La CONMEBOL n’est pas restée silencieuse
Malgré les critiques, il est faux d’affirmer que la CONMEBOL n’a fait aucune déclaration sur FIFA Forward Enterprise. Selon le communiqué officiel de la CONMEBOL, l’organisation a consulté ses dix fédérations membres, convoqué une réunion de son Conseil et demandé à la FIFA des informations supplémentaires sur la structure, la gouvernance et les conséquences possibles du projet. Elle a déclaré : « Le développement du football exige des décisions de nature commerciale et financière. Toutefois, ces décisions doivent toujours servir le football et ne jamais être placées au-dessus de son essence. »

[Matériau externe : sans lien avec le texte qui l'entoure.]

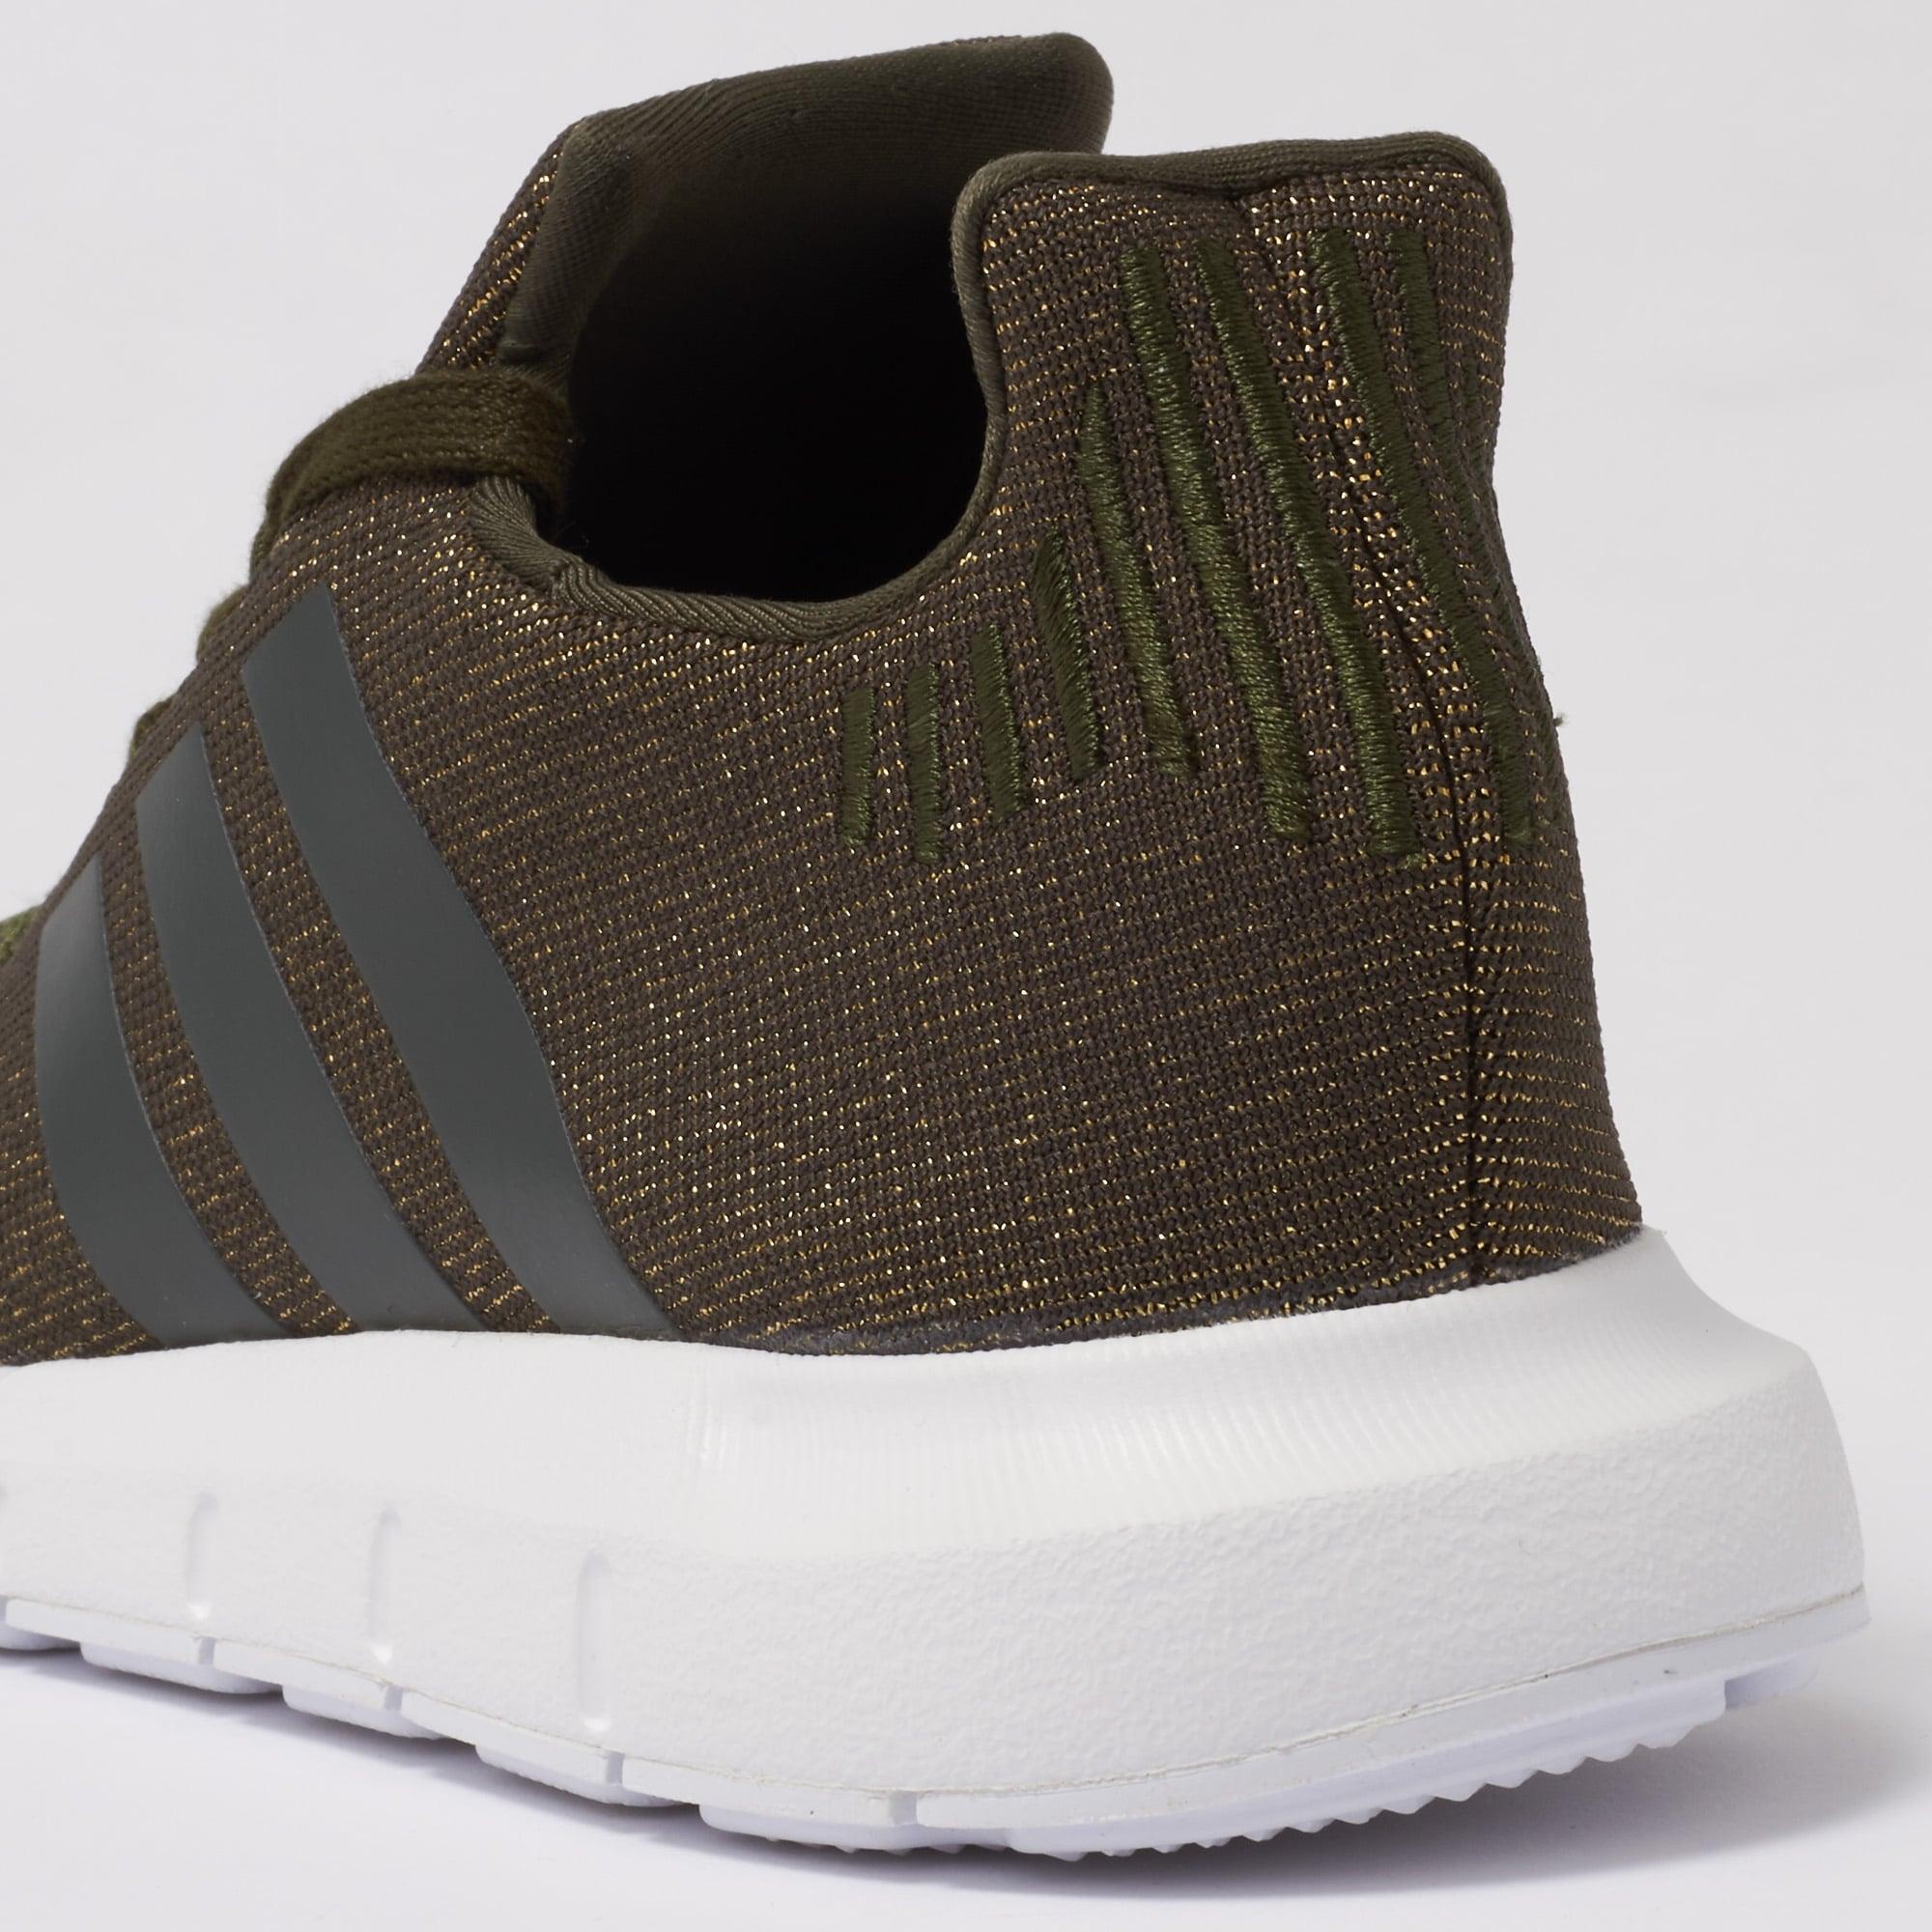 f978ed634f491 Adidas Originals Womens Swift Run Sneakers (Night Cargo) at Dandy Fellow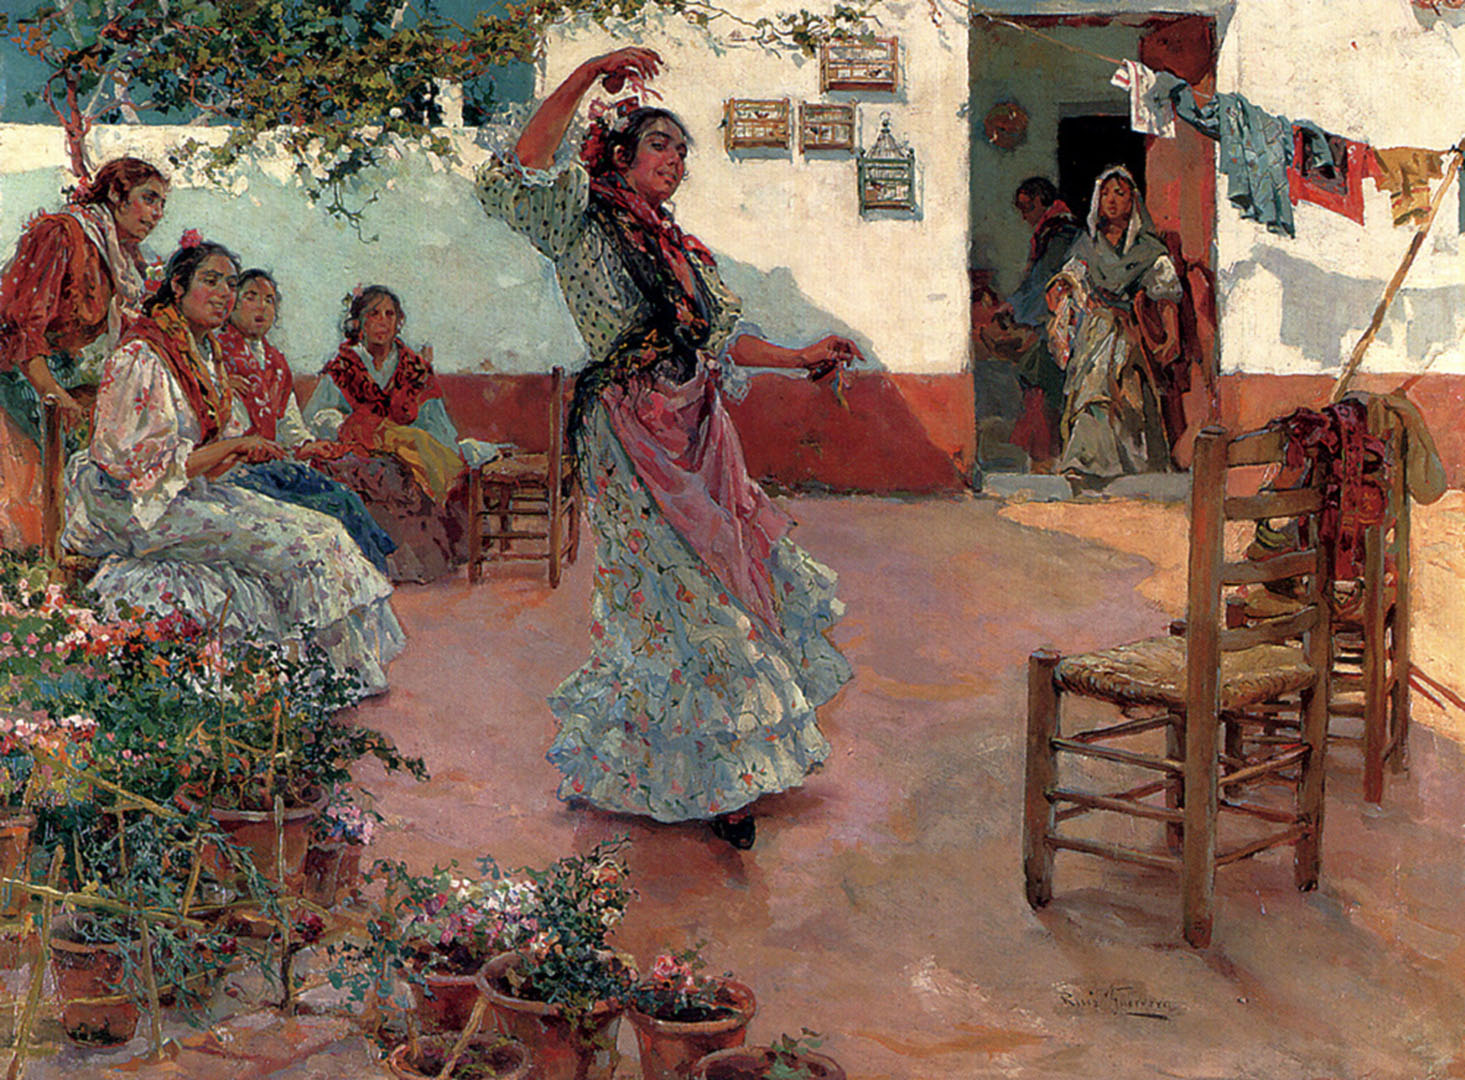 The Flamenco Dance

Lire aussi: Un coup de fil de 15 minutes l'a décidé : Tonali révèle pourquoi il a choisi Tottenham.
Le communiqué ne soutenait pas le projet, même s’il évitait le langage catégorique employé par l’UEFA. Selon l’article d’Infobae consacré à l’intervention de la CONMEBOL, des sources de la FIFA estimaient que la demande d’éclaircissements avait aidé à convaincre Infantino qu’il ne disposait pas d’un soutien suffisant. Les réserves de la CONMEBOL pourraient donc avoir contribué à l’abandon du projet malgré son refus de condamner personnellement le président.
Le rôle de Domínguez à la FIFA pèse sur le débat
Alejandro Domínguez dirige la CONMEBOL depuis 2016 et occupe également les fonctions de vice-président de la FIFA et de membre de son Conseil. Ce double rôle ne prouve pas l’existence d’un conflit d’intérêts formel, mais il provoque une tension politique évidente lorsque la confédération est appelée à contester la direction de la FIFA. Le spécialiste du football brésilien Andreas Knudsen a expliqué à TV 2 Sport qu’une prise de distance publique reviendrait presque, pour Domínguez, à « poignarder son patron dans le dos ».
La loyauté de la CONMEBOL envers Infantino est également antérieure à cette crise. Selon un article publié par AS, son Conseil avait unanimement soutenu en avril la gestion du président et une possible candidature pour la période 2027–2031. Le refus de rejoindre une campagne réclamant sa destitution reste donc conforme à la ligne politique précédemment adoptée.
L’UEFA révèle une fracture grandissante
La réponse prudente de la CONMEBOL contraste fortement avec la position européenne. Selon le communiqué officiel de l’UEFA publié après le retrait, la direction actuelle de la FIFA a perdu sa confiance et aucune option ne doit être exclue de l’examen à venir. Les fédérations européennes envisagent également de retirer les lettres par lesquelles elles avaient précédemment soutenu la réélection d’Infantino.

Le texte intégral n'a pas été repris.